Is every nonsingular linear transformation invertible? I know that every nonsingular square matrix is invertible.
So every nonsingular linear transformation should also invertible.
But $T\colon\mathbb R^2\to\mathbb R^3$ such that $T(x,y)=(x+y,x-2y,3x+y)$ is nonsingular but inverse does not exist.
So can I conclude that:
"If $T$ is invertible then it is nonsingular but if $T$ is nonsingular then it is not necessarily invertible."
Thanks in advance.
 A: Yes, your conclusion is correct. Every invertible linear map is nonsingular, that is, it kernel is trivial. This is because non-singularity is equivalent to injectivity for linear maps.
However to be invertible a linear map must also be surjective, so non-singularity alone is not enough to conclude that a linear map is invertible. Your example of the function $T$ make this clear.
A: A quick search reveals contradicting conventions.  Here are some well-established terms for properties of a linear transformation $T \colon V \to W$.

*

*$T$ is injective or one-to-one if for all $v \in V$, $T(v) = 0 \implies v=0$.

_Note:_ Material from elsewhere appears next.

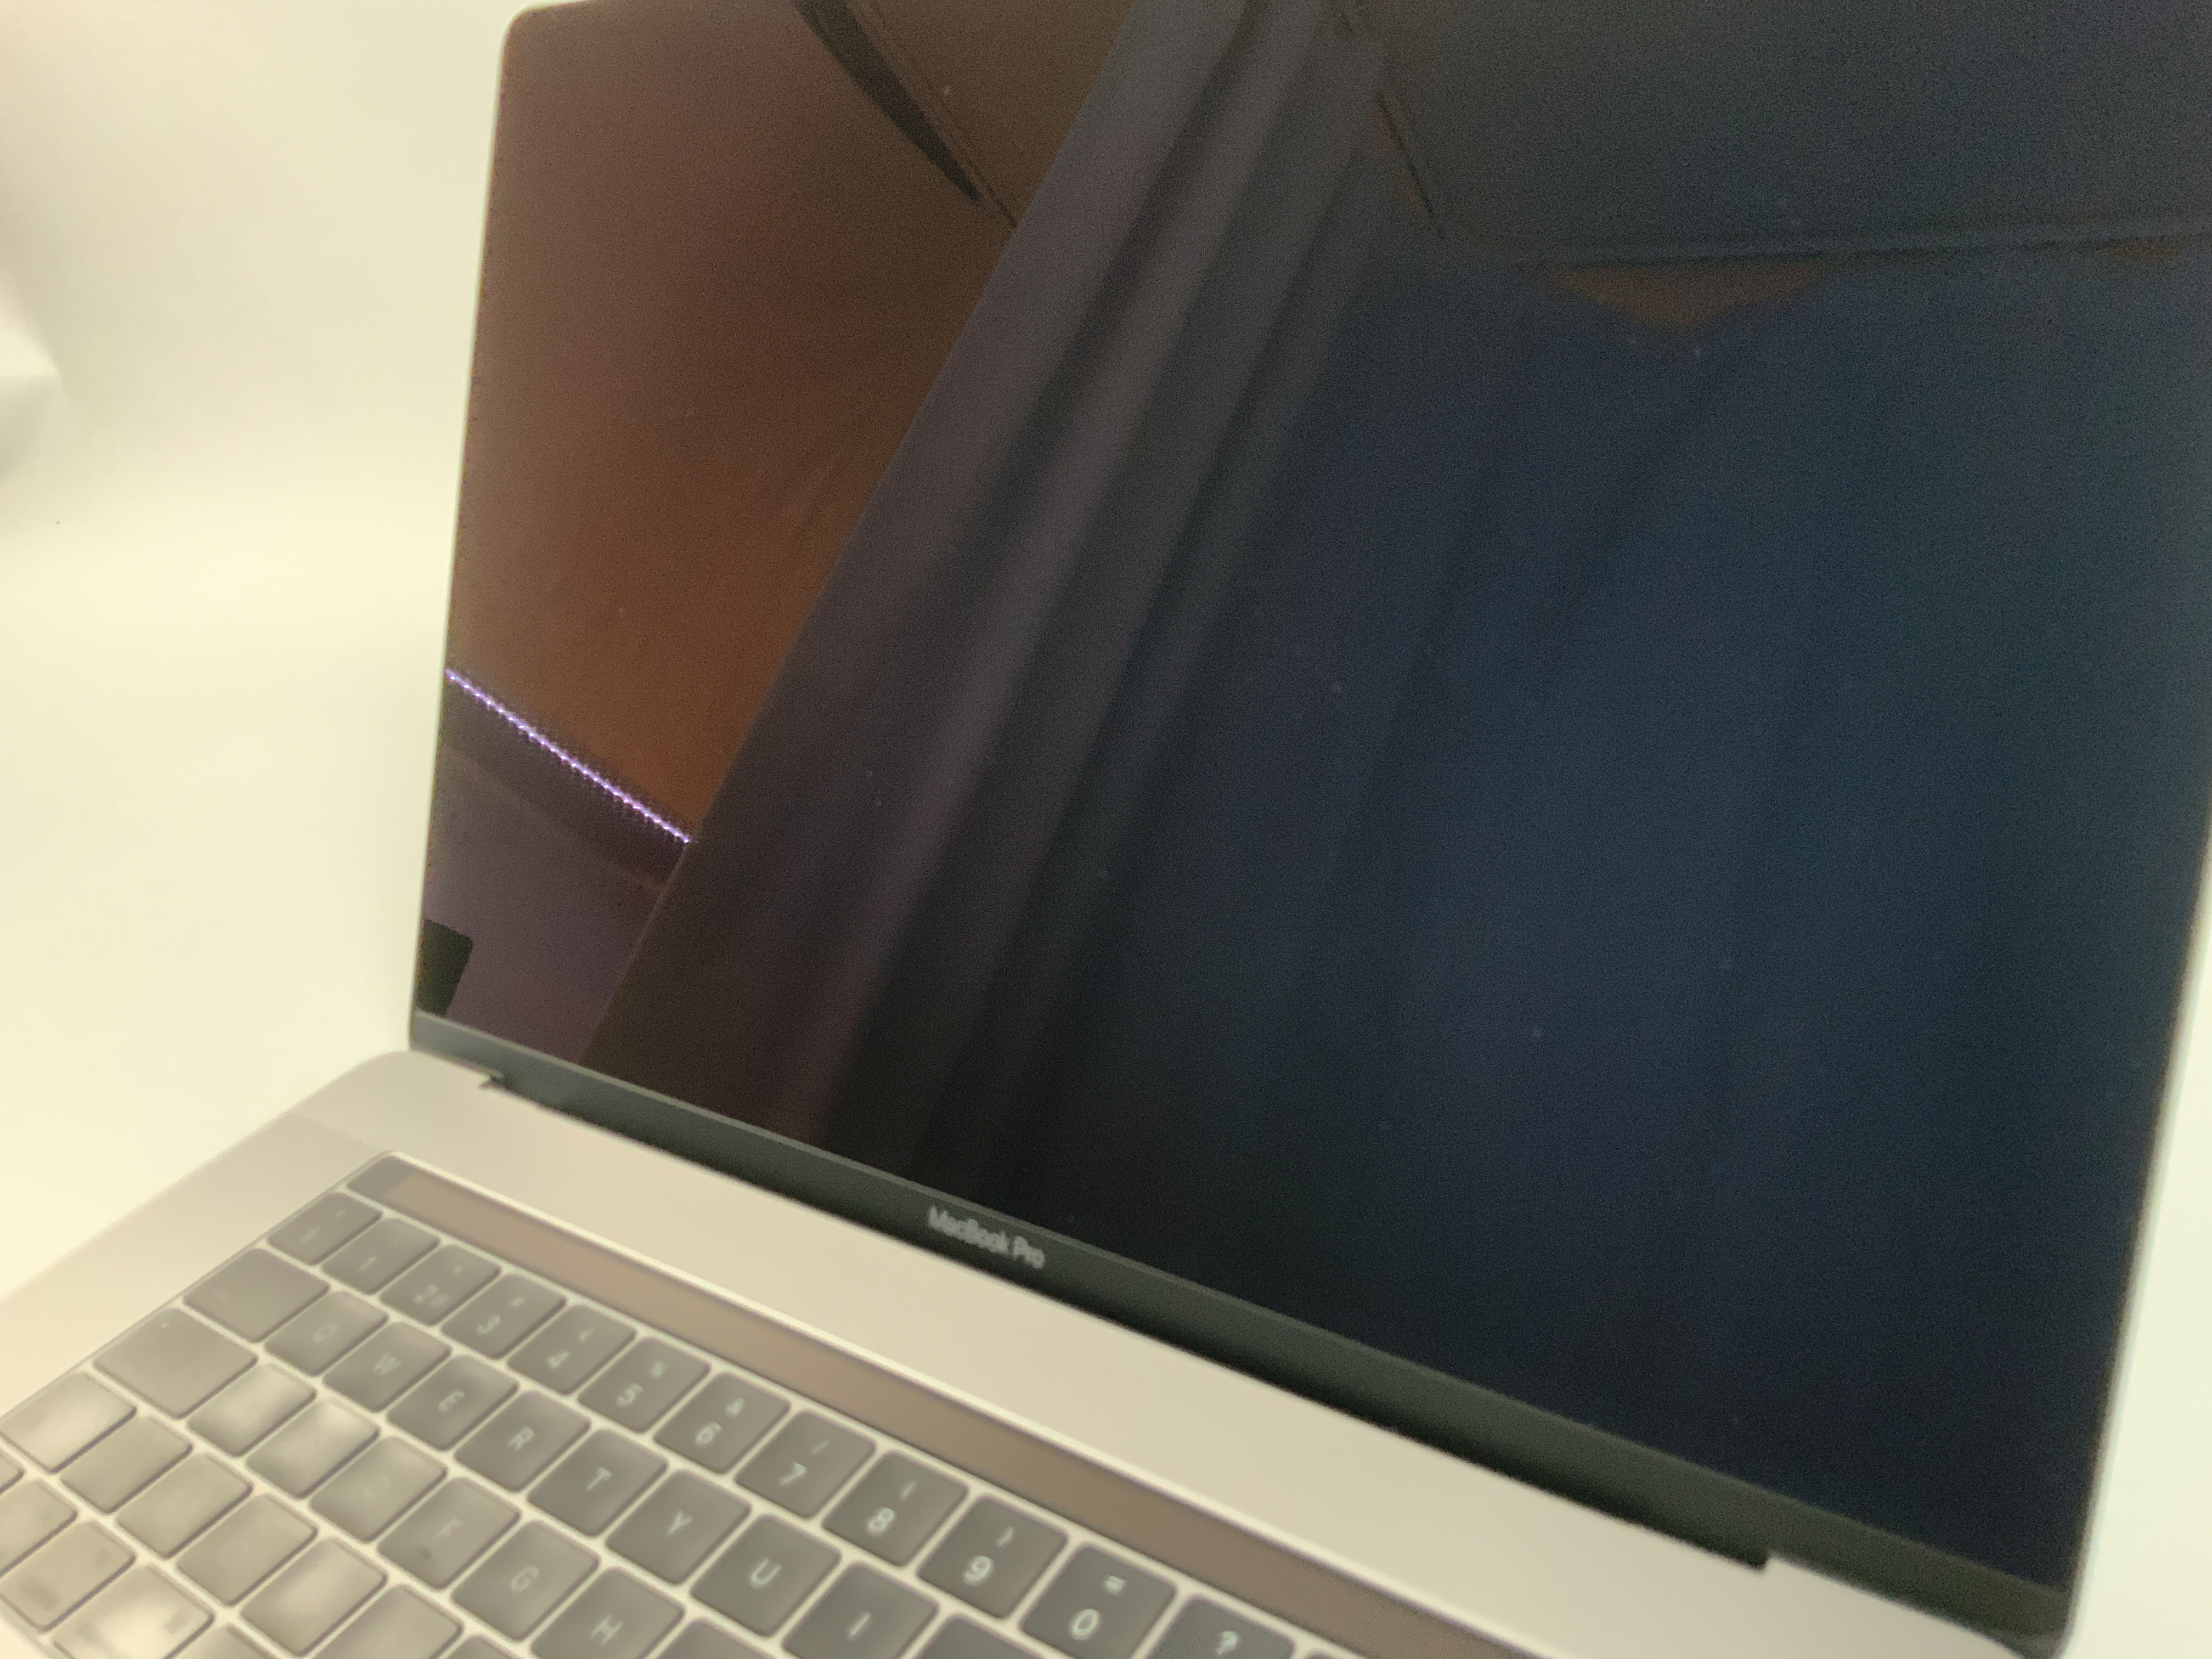 MacBook Pro 15" Touch Bar Late 2016 (Intel Quad-Core i7 2.6 GHz 16 GB RAM 256 GB SSD), Space Gray, Intel Quad-Core i7 2.6 GHz, 16 GB RAM, 256 GB SSD, Bild 3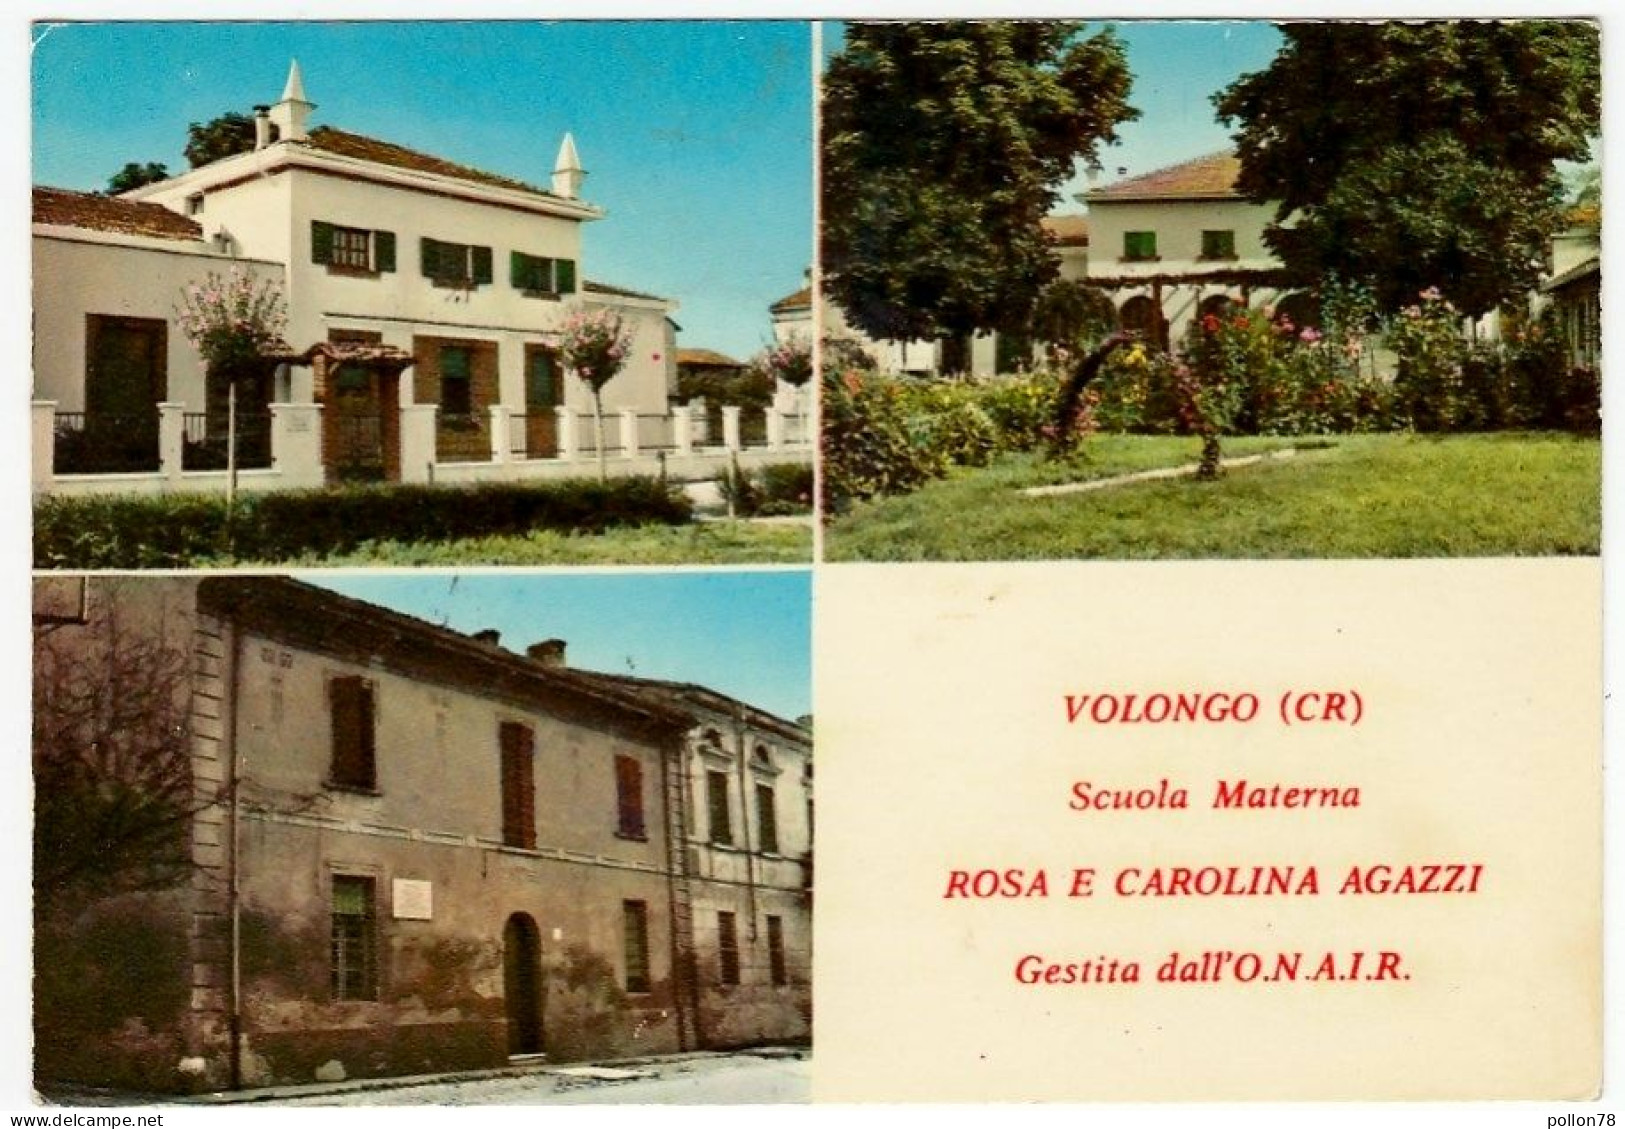 VOLONGO - SCUOLA MATERNA ROSA E CAROLINA AGAZZI - GESTITA Dall' O.N.A.I.R. - VEDUTE - CREMONA - 1970 - Cremona

*$T$ is surjective or onto $W$ if for all $w \in W$ there exists $v \in V$ such that $T(v) = w$.

*$T$ is bijective if $T$ is simultaneously one-to-one and onto $W$.

I found some sources that define nonsingular for linear transformations as equivalent to injective.  However, I am more familiar with the term applied to matrices, and equivalent to “square and invertible”.  So closer to bijective for linear transformations.
I agree with you that the linear transformation you describe is injective but not surjective.